Hi again,
Just thought I’d add a further technical note with reference to the discussion above of “push” versus “pull” based metronomes, in case it is helpful to any one. Basically, I’m addressing the inter-related questions of why EspGrid uses the representation of metre it does, and why it uses a (mostly) poll/pull system rather than pushing out pulses/beats.
A basic “problem” with sending (pushing) a message (ie. a metronome pulse) whose interpretation is “do something now” is that the message always takes time to deliver and process. This time can be quite non-deterministic - essentially the “now” of your pulse is not quite as defined as one might imagine from the concept “now”. A common solution within the push paradigm is to add a time tag to the pulse/trigger so that things happen at a slightly later but better synchronized moment. However, with such a solution, the interpretation of the message is no longer “do this now” but rather “do this at this time” - the exact time that the message is delivered is no longer pertinent, and we are already moving towards representing the metre rather than “performing” it as an event.
A second “problem” with sending (pushing) such a pulse message is that if you need to do things between the pulses you need, one way or another, to have information about the metric grid beyond “this pulse happens at this time”. To get this info in a push-based system either you track the time between the pulses yourself and infer the information, or you add the information to the pulse message itself. The former case is not without its merits (after all, in some sense its what we do when we hear beats), but its a bit strange to infer something that is (elsewhere) already known, and it also doesn’t cover edge cases like drastic changes in tempo (which also take us by surprise perceptually). In the latter case, as with the first “problem”, you are again moving towards providing a constant representation of the alignment of the metric grid.
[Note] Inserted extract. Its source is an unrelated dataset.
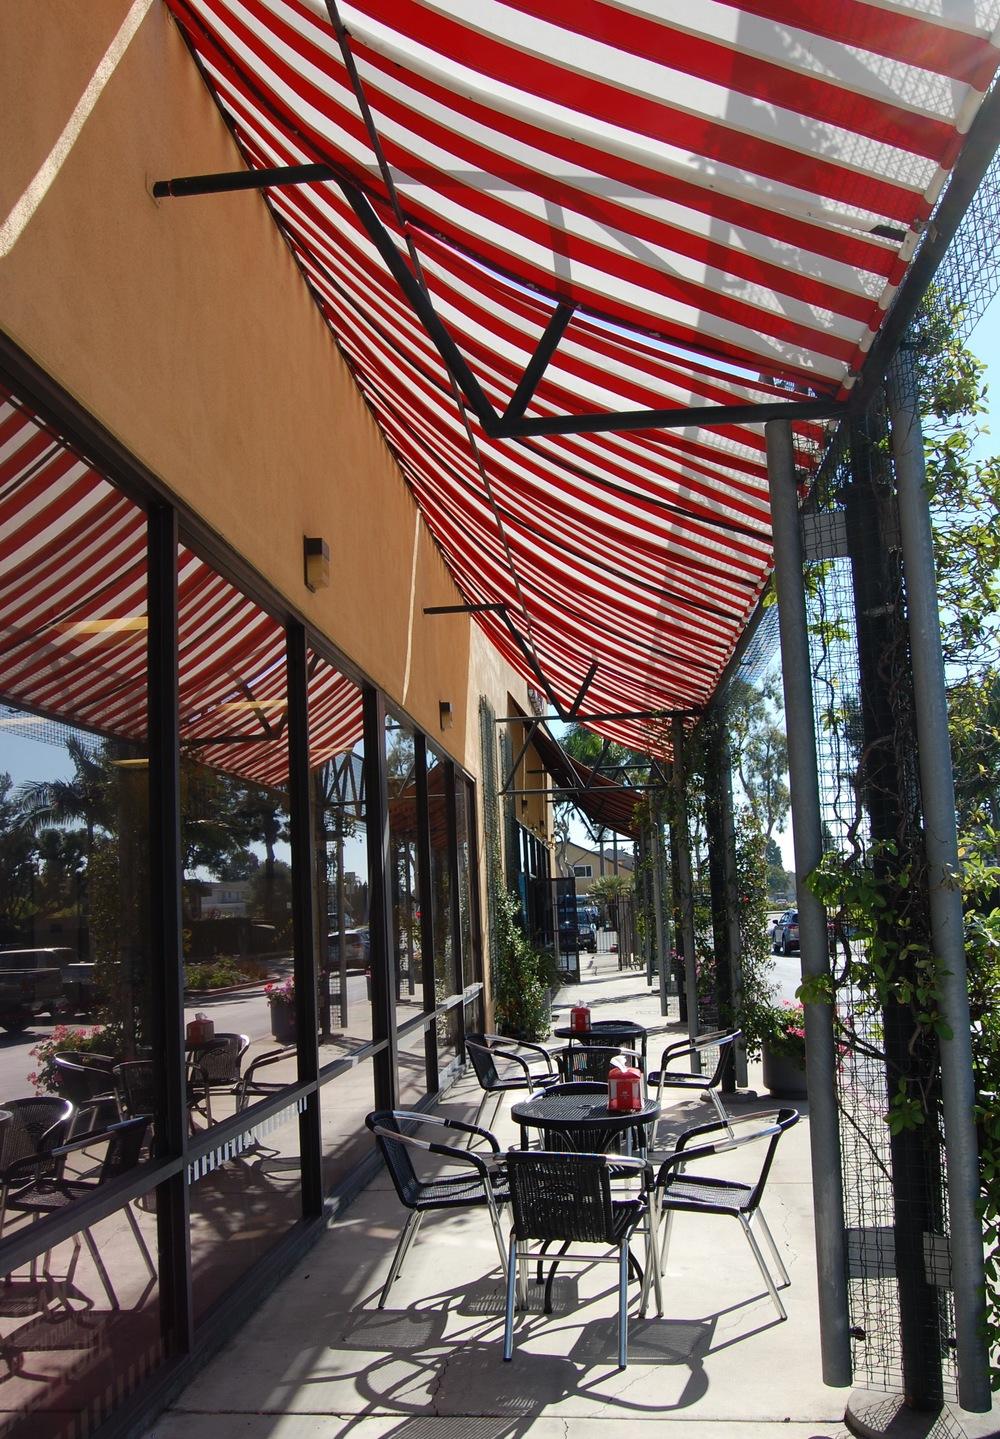 Rita's Italian Ice Huntington Beach (Photo by Lauren Lloyd)

Basically, both compensating for the latency of moving messages around and doing things in between the beats leads towards sharing metre as declarative representations of a temporal grid rather than imperative “do this now” commands.
A third set of considerations motivates the normal way of getting this metre representation from EspGrid, whereby “clients” (ie. Tidal, SuperCollider quark, etc) send a message to poll EspGrid for the metre and then get a response. Since responses are only sent when requested you don’t have the problem of zombie processes getting messages they will never consume (eg. when a consuming application is closed or crashes). Also it is a simple way of giving metre-consuming applications control over when and how they want this information. Repeated polling is a basic strategy against lost packets as well. The messages use only the most basic and universal parts of the OSC spec - which is why, for example, time is represented as two int32s - anything else sacrifices either precision or universal transmissability (many OSC applications, including some very “fancy” ones, don’t grok int64 in their OSC code).
That said, chat and a few other non-tempo things in EspGrid do still use a subscription-based push system instead, at present. Part of me thinks it would be better to move everything over to the “pull” query-and-response system, though, for clarity/consistency.